I love film. Others will judge the value of my work. But that is not why I do it, for the praise of others. I do it because, in all seriousness, I’m a worshipper who sits in silence in the chapel of the cinema. But more than that, I do it for a simple love of the work itself.
I am a pariah
I am a pariah. Medically, in Ireland. Not to the Health Service Executive: it cares for me and values my dignity. But to the consultants who care for people with motor neuron disease, who research it, I’m the invisible man. You would imagine that people in the business of caring for individuals with motor neuron disease and those who research it would be interested in my particular case. You would be wrong. From the moment I was mechanically ventilated, all contact with the motor neuron disease medical establishment stopped. That was six years ago. To them, the moment I was ventilated I ceased to exist.

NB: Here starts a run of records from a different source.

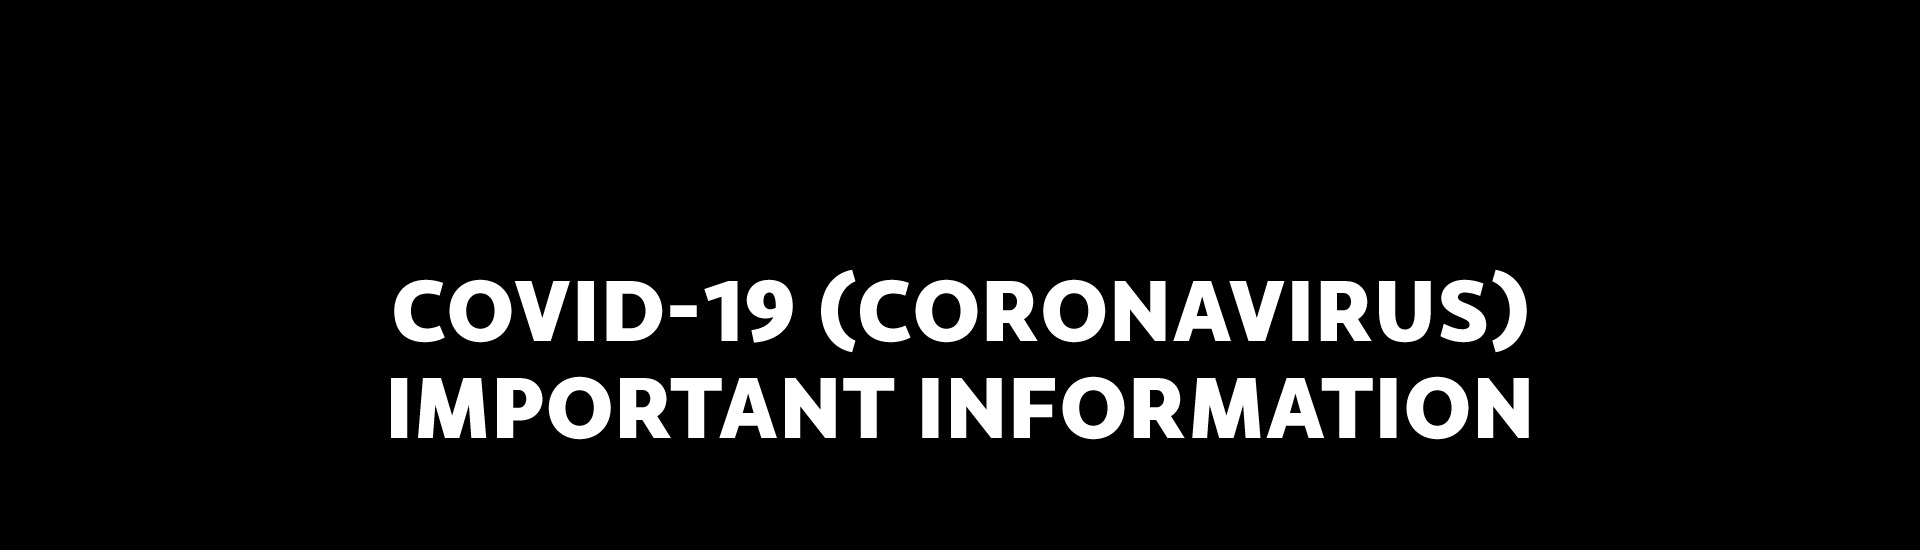 COVID19 Coronavirus Imporant Information | Brisbane Racing Club 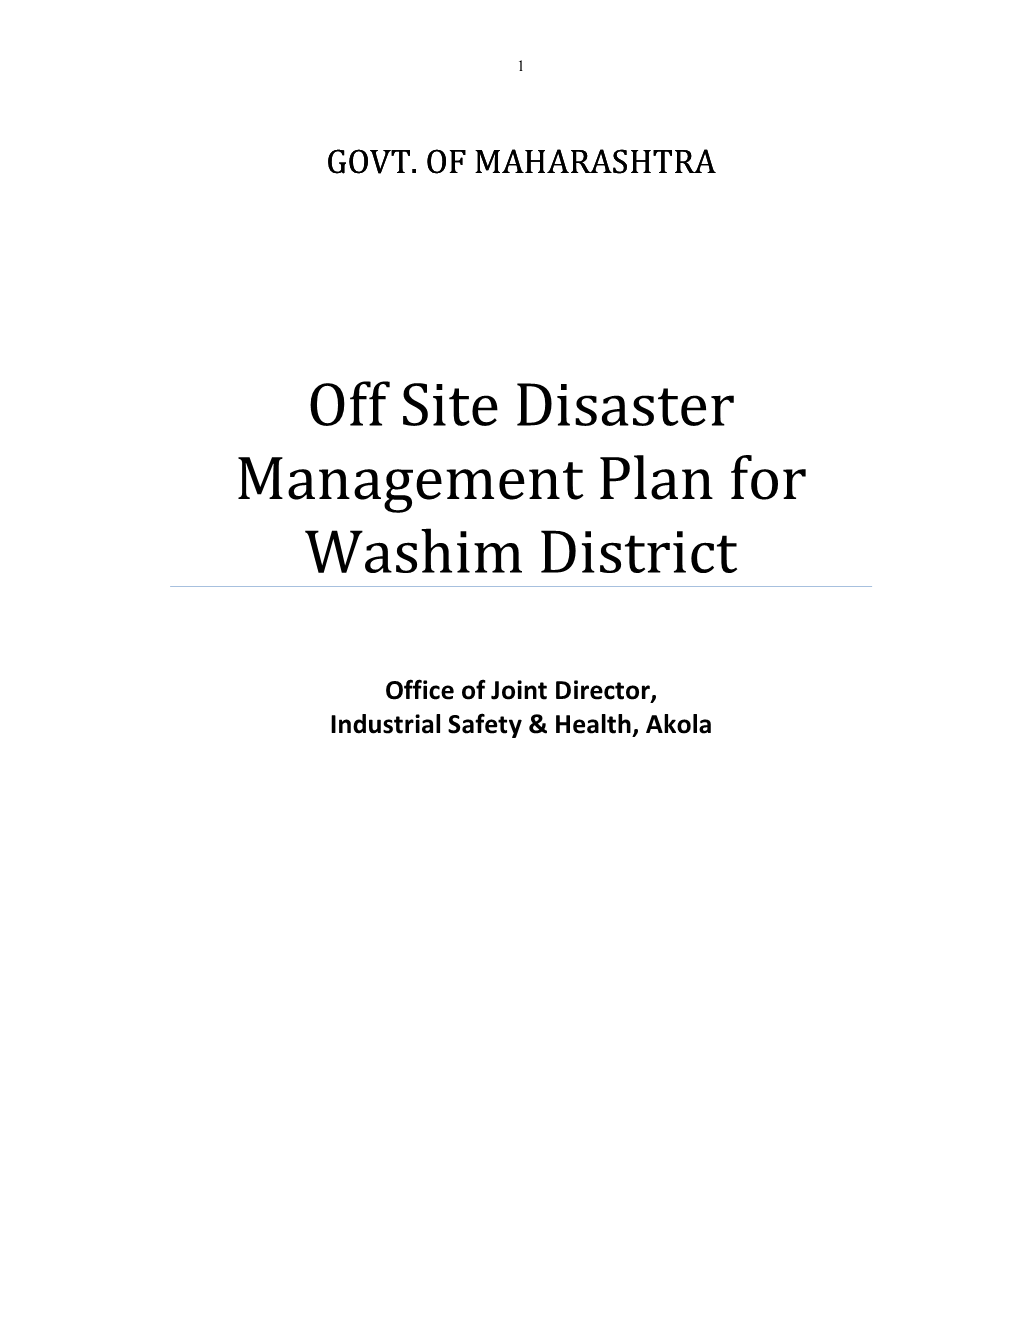 Off Site Disaster Management Plan for Washim District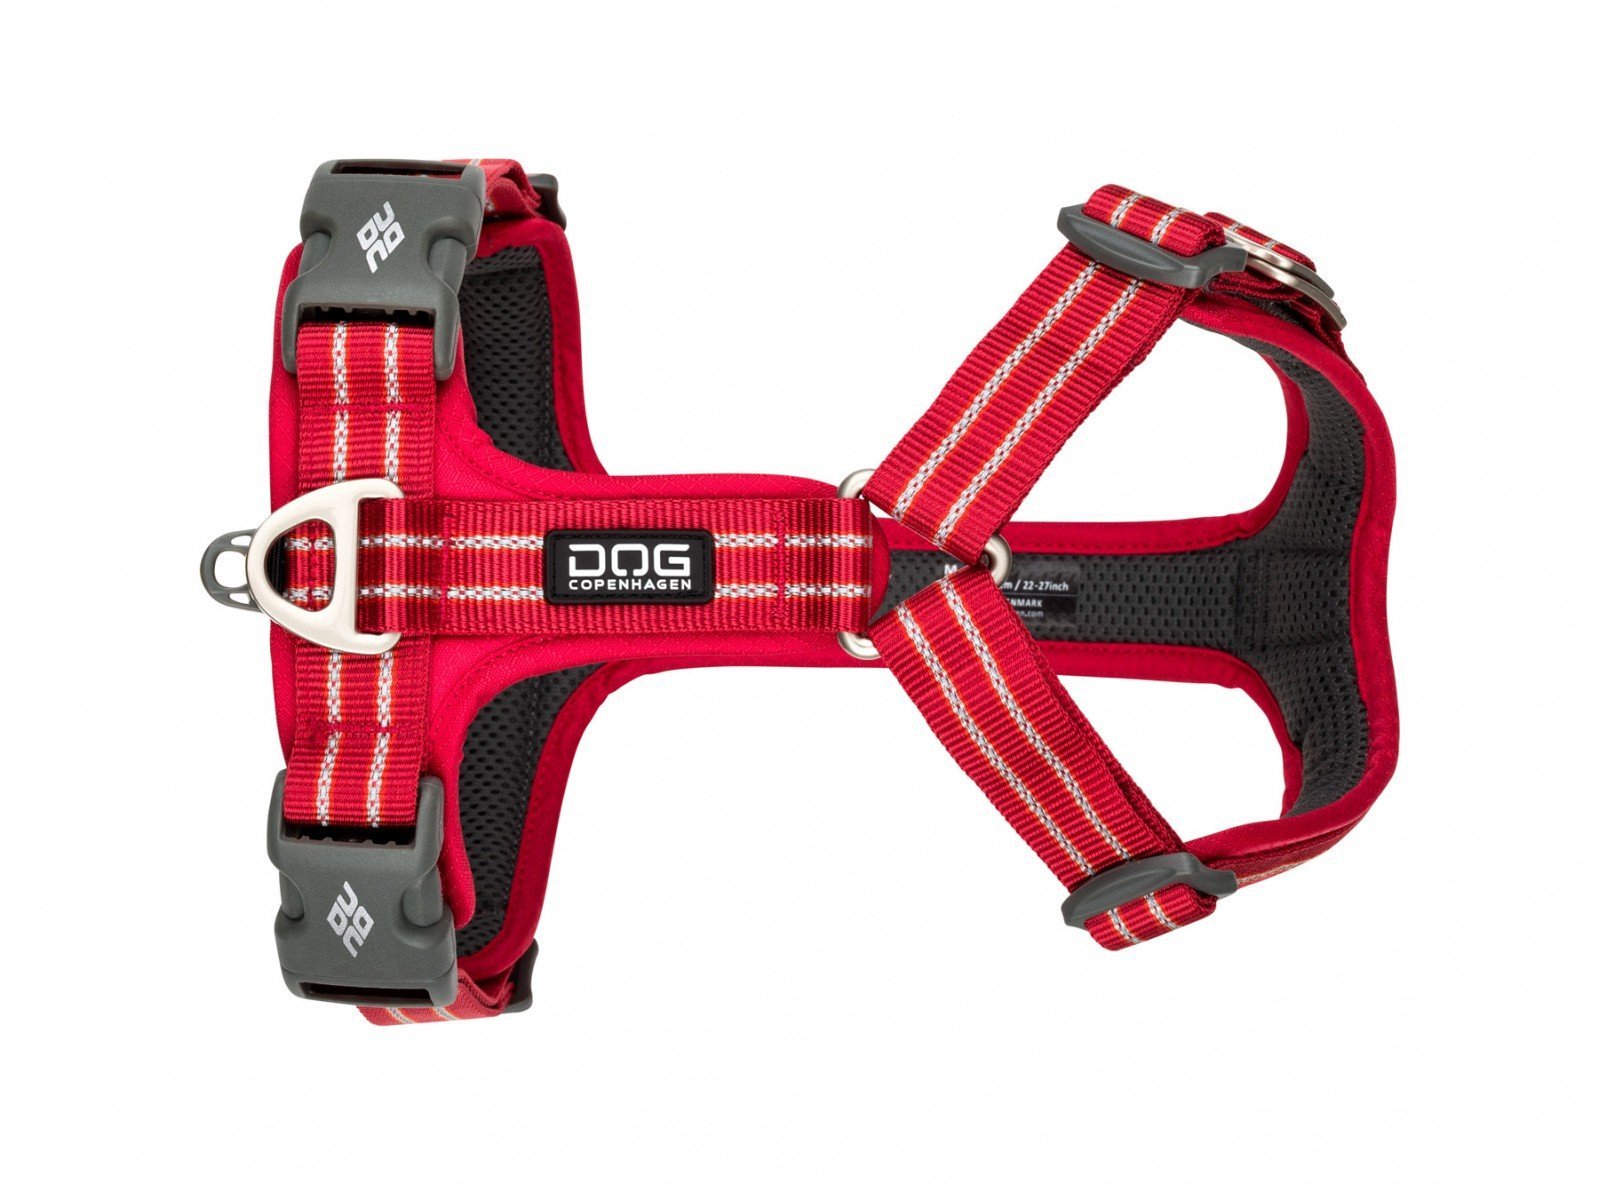 Dog Copenhagen - Comfort Walk Pro Harness - "Version" 2020 Classic Red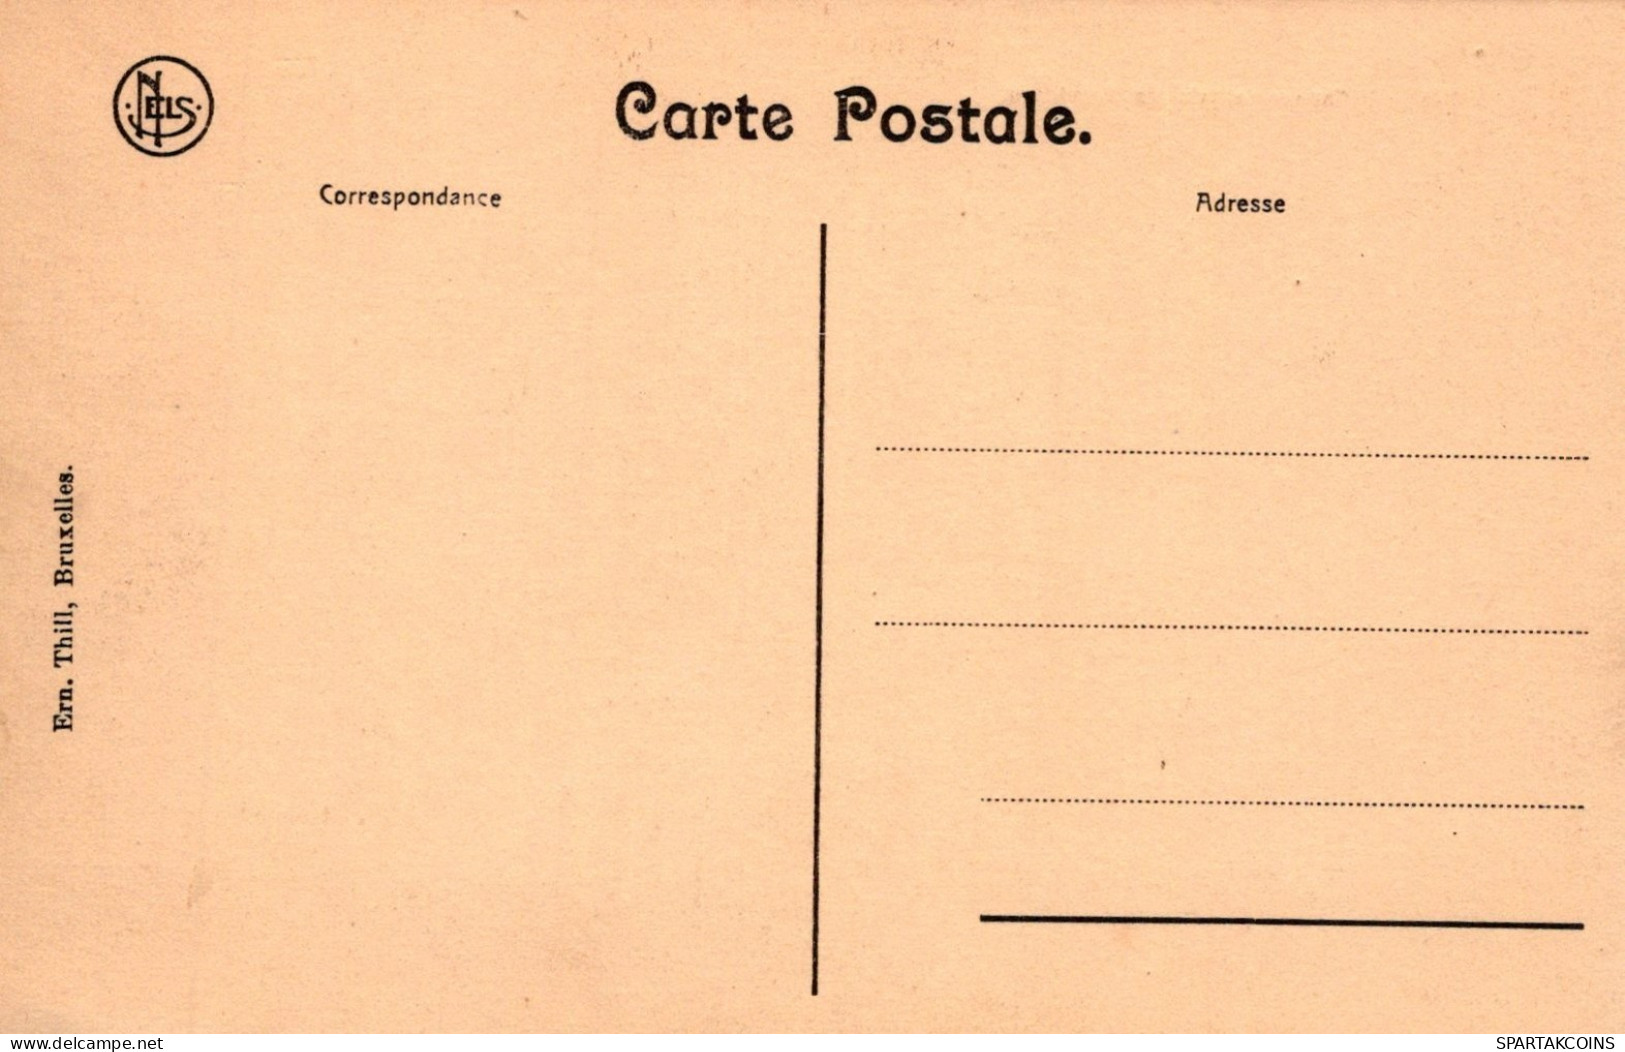 BELGIEN COO WASSERFALL Provinz Lüttich (Liège) Postkarte CPA Unposted #PAD185.A - Stavelot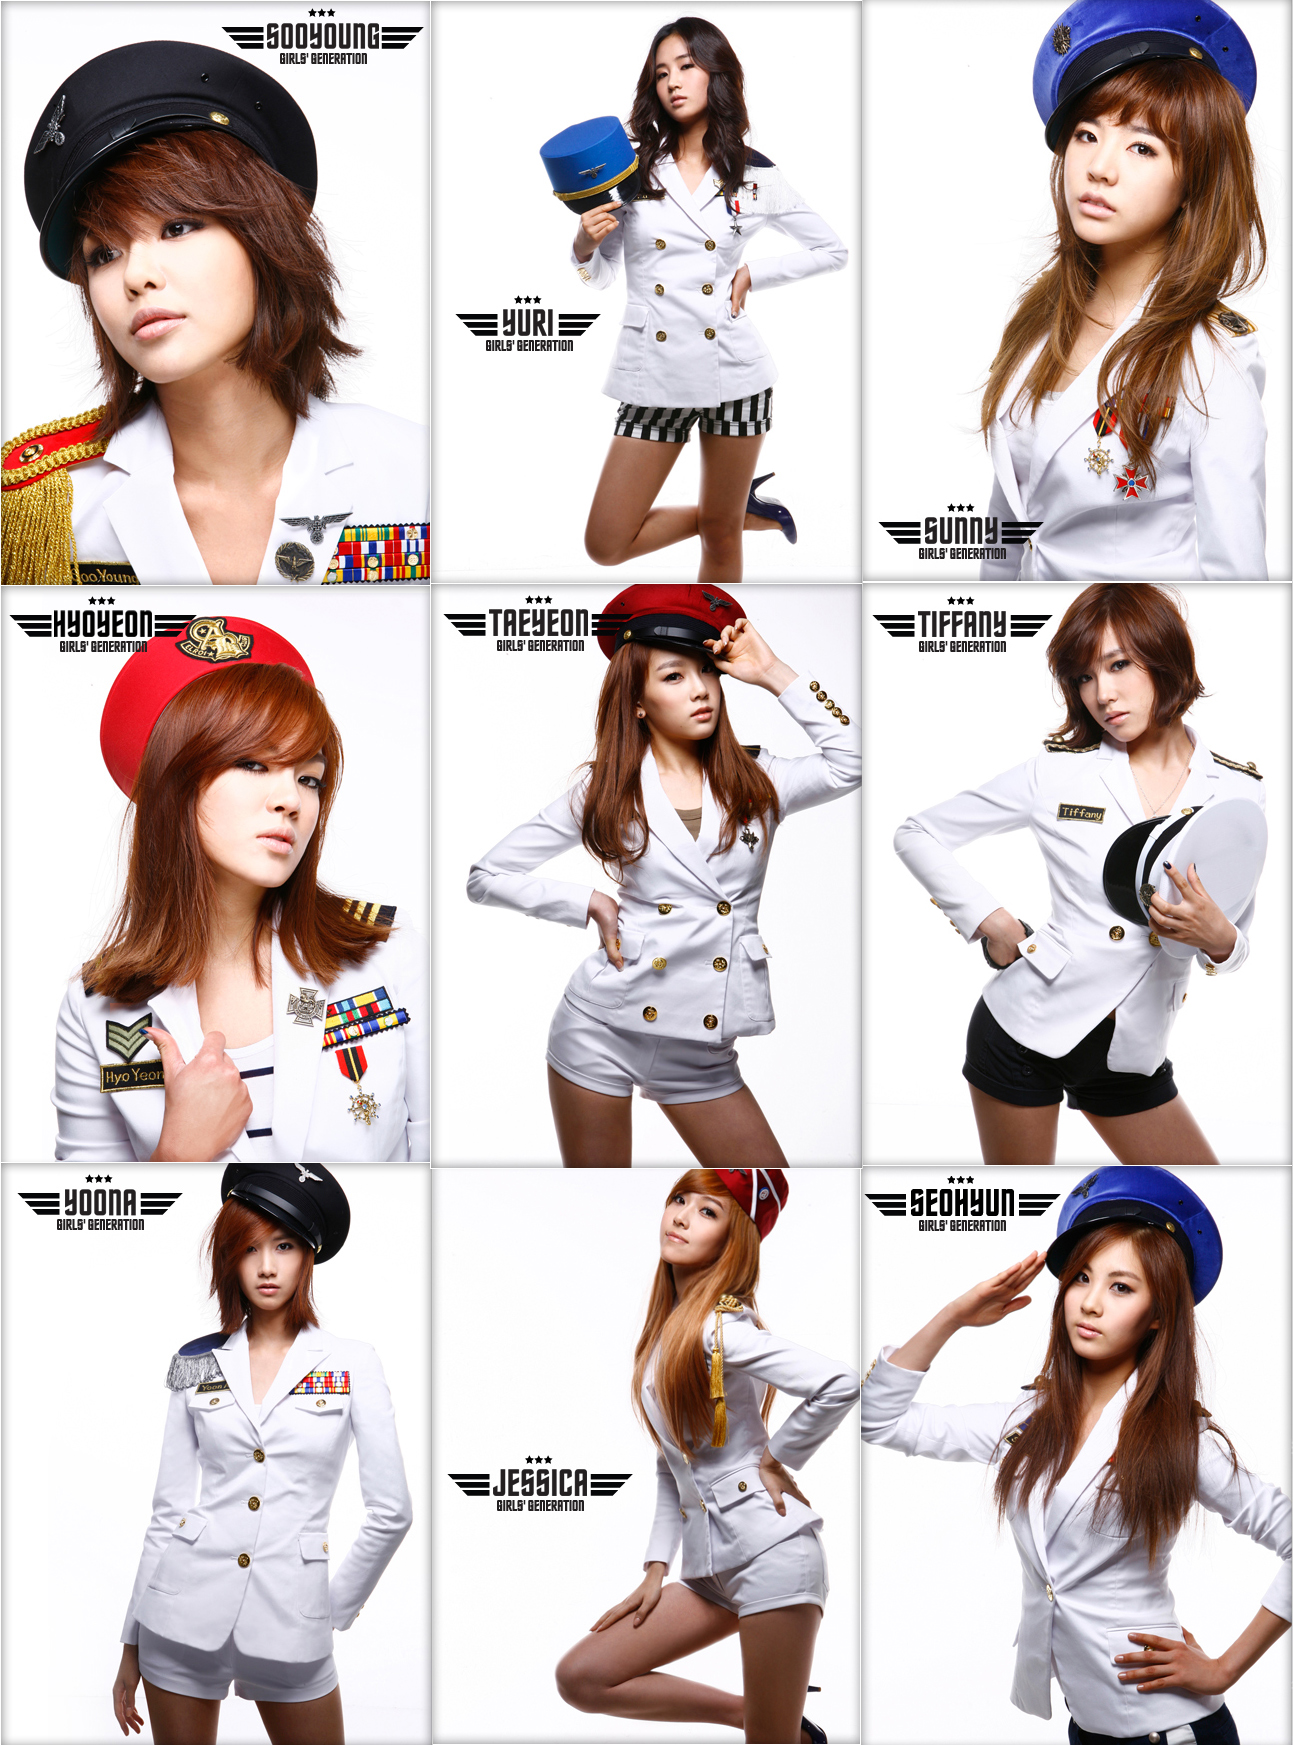 http://seouljuice.files.wordpress.com/2009/06/marine_girls23.jpg

I don’t hate my body. I have had a long time to think about the disease. I would like to know the cause, of course I would. I would like to know the identity of the criminal. I no longer think about a cure. Cures are for the newly diagnosed. For slowing the progression. I left that behind years ago.
I don’t hate my body because I don’t want to hate it. I don’t believe there is anything inherently wrong with my body, with my genes or the code of my DNA. Got a problem with that? Prove me wrong.
My opinion, for what it’s worth, which to the medical profession is zero, is that motor neuron disease is caused by an outside presence, a trespasser. So I don’t blame my body. I love my body. For its resilience. For enduring. For being alive. And staying that way.